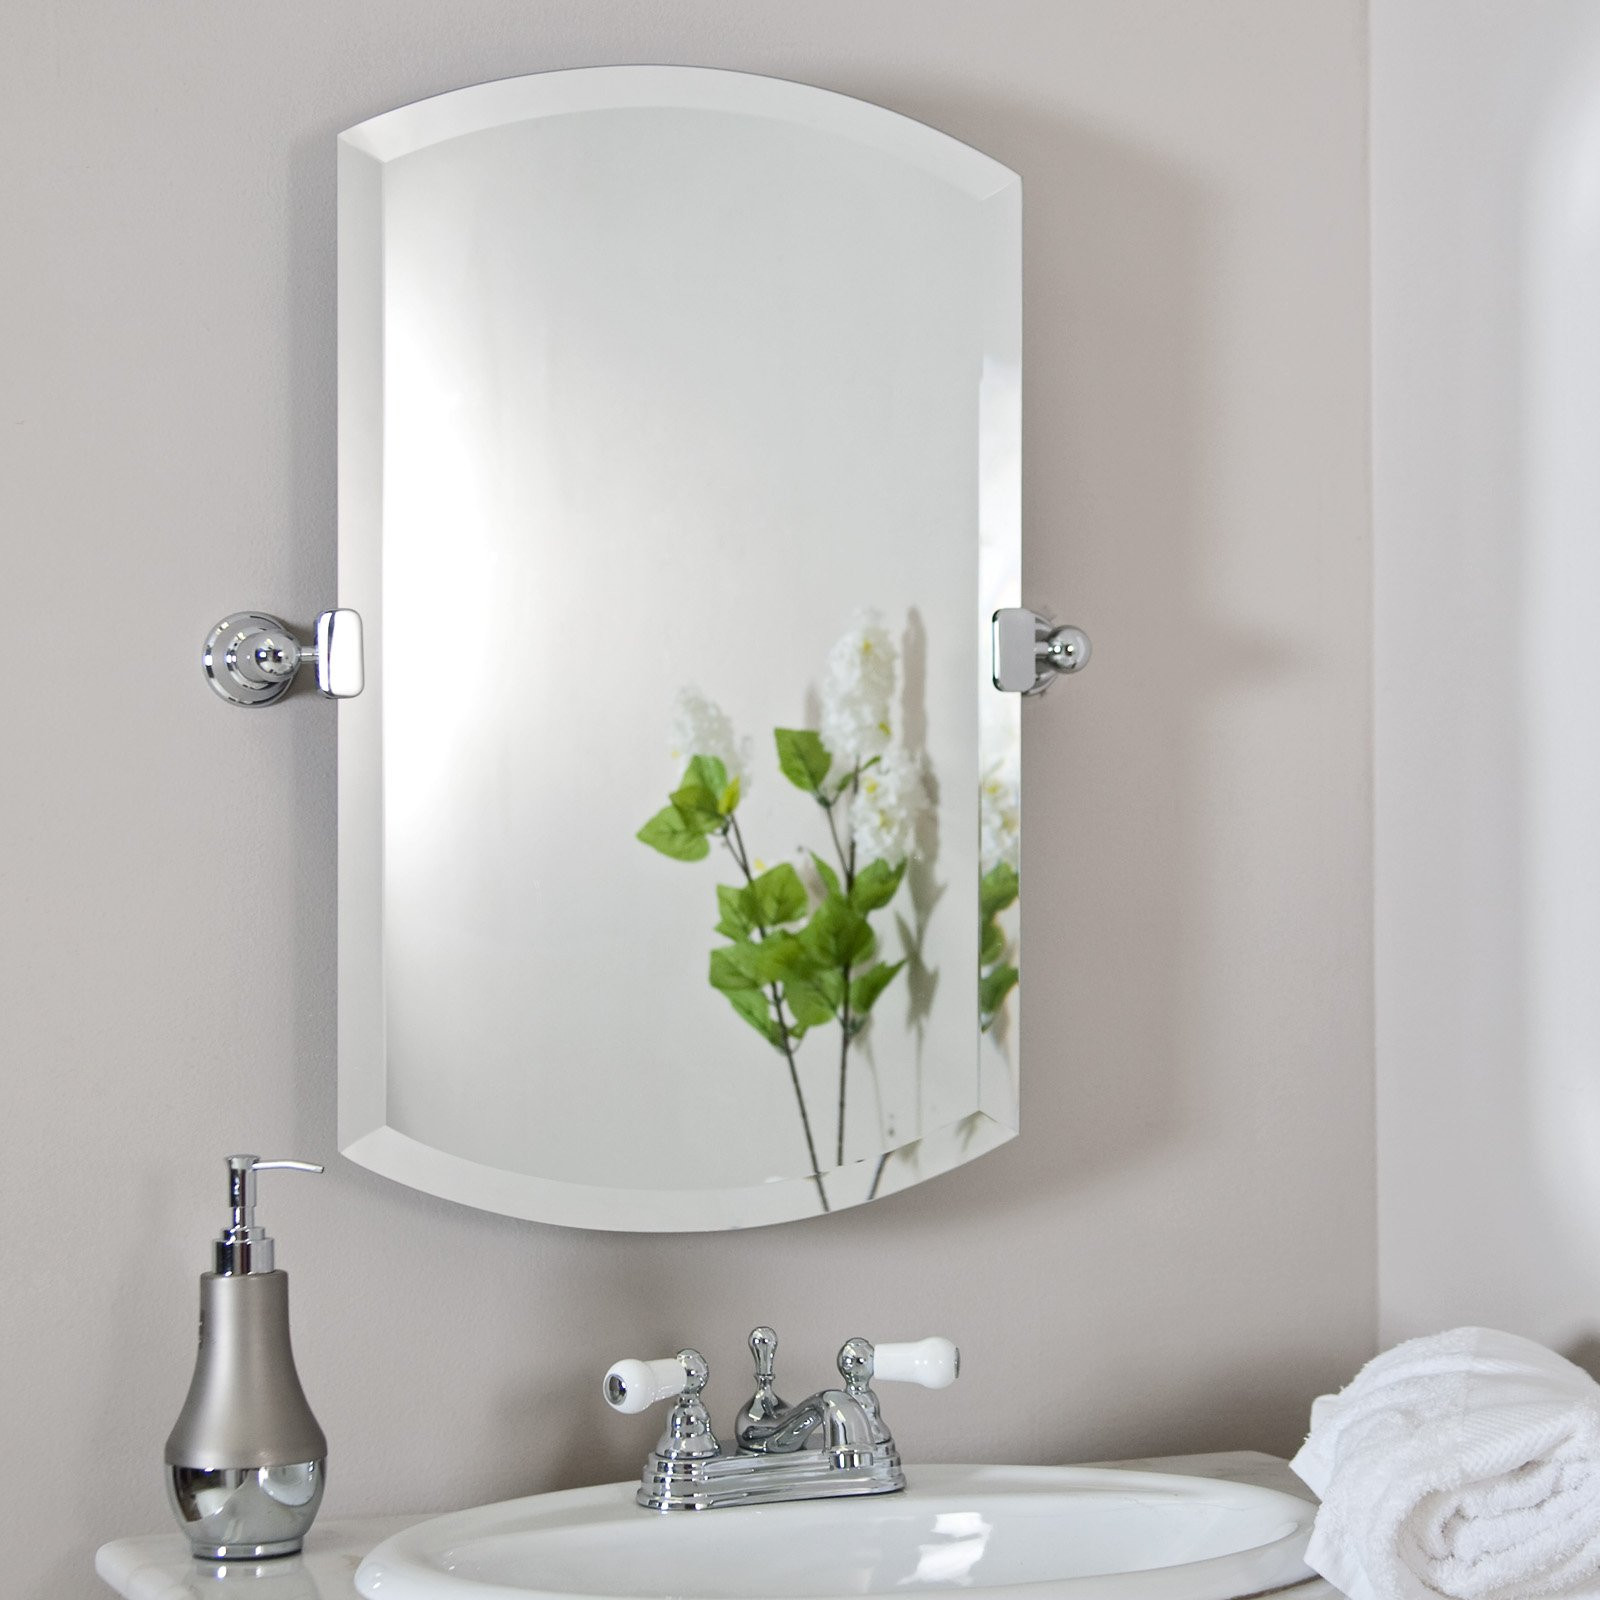 Framed Bathroom Mirror Ideas
 Bathroom Mirror Designs and Decorative Ideas
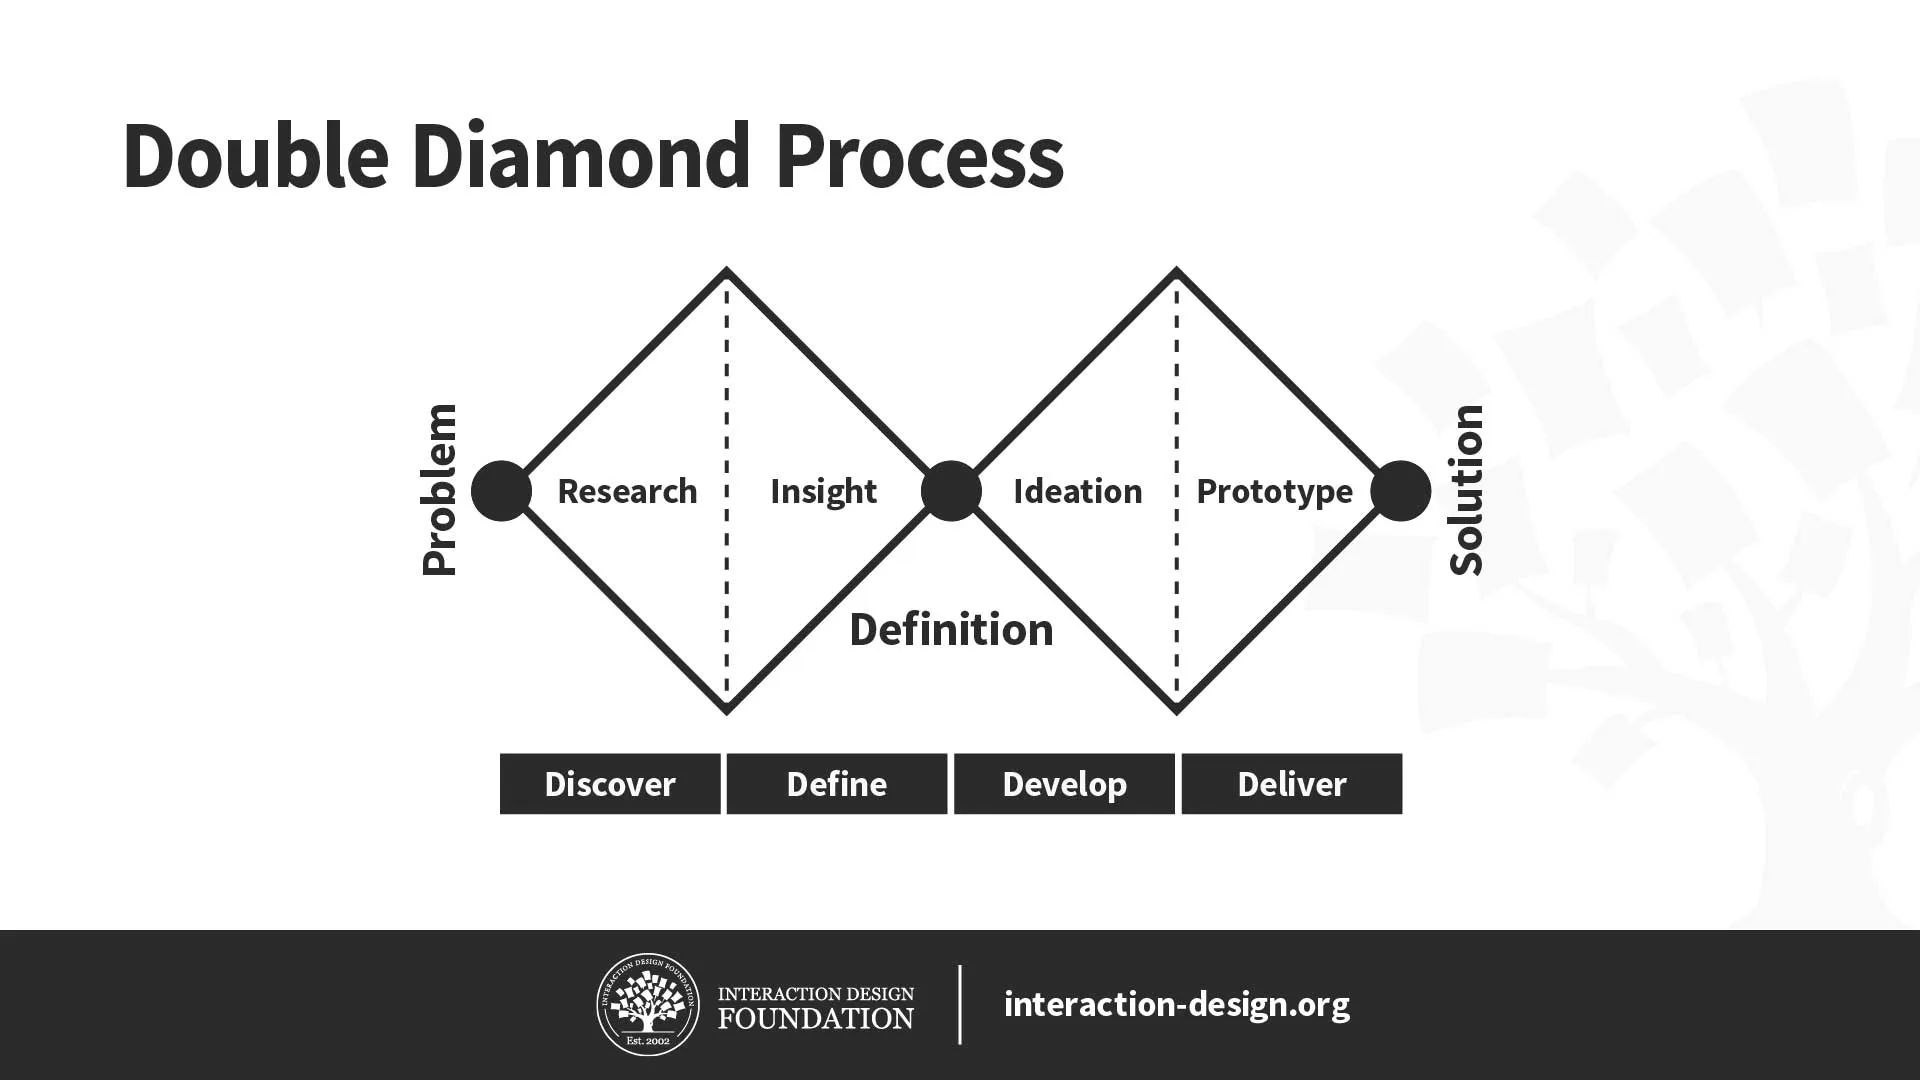 A diagram showing the Double Diamond design process.
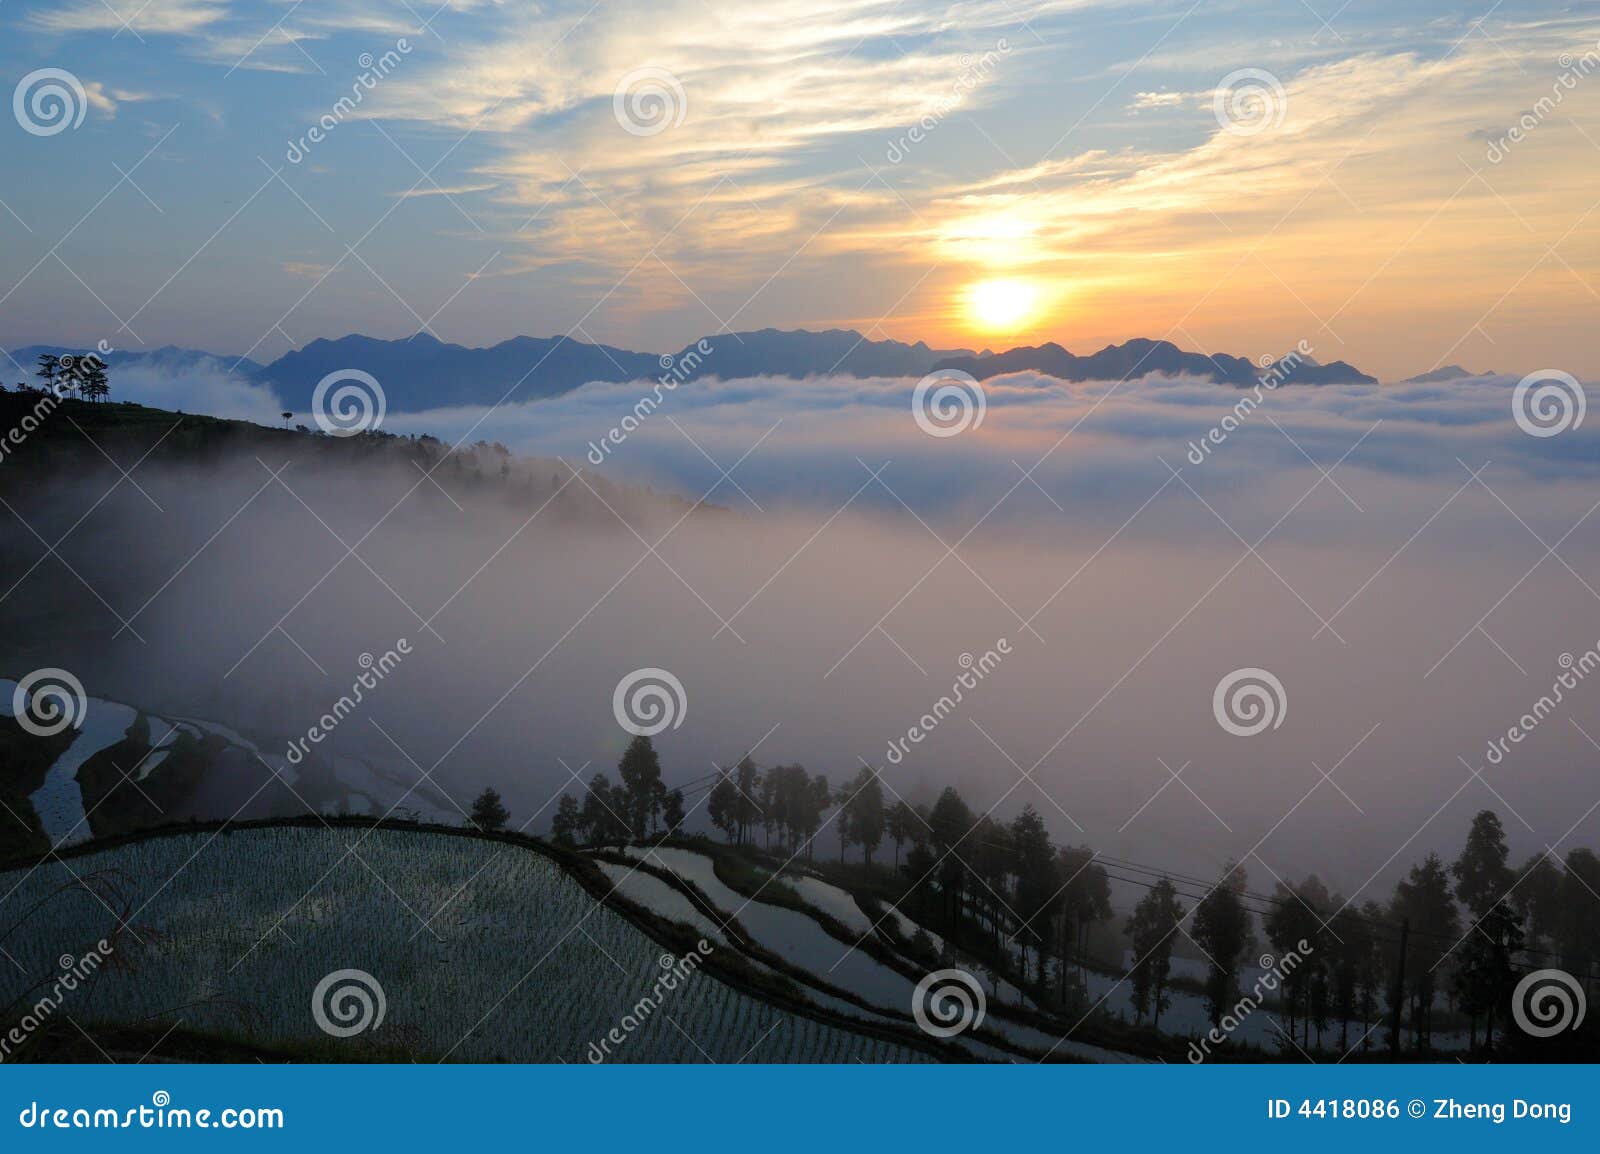 mingao terraced fields sunrise
====
ASSIGNMENT: In the printed copy, the material above must appear unchanged and without its pictures.

SOLUTION FOR THIS PROBLEM:
 Framed Bathroom Mirror Ideas
 Bathroom Mirror Designs and Decorative Ideas
 A diagram showing the Double Diamond design process.
 mingao terraced fields sunrise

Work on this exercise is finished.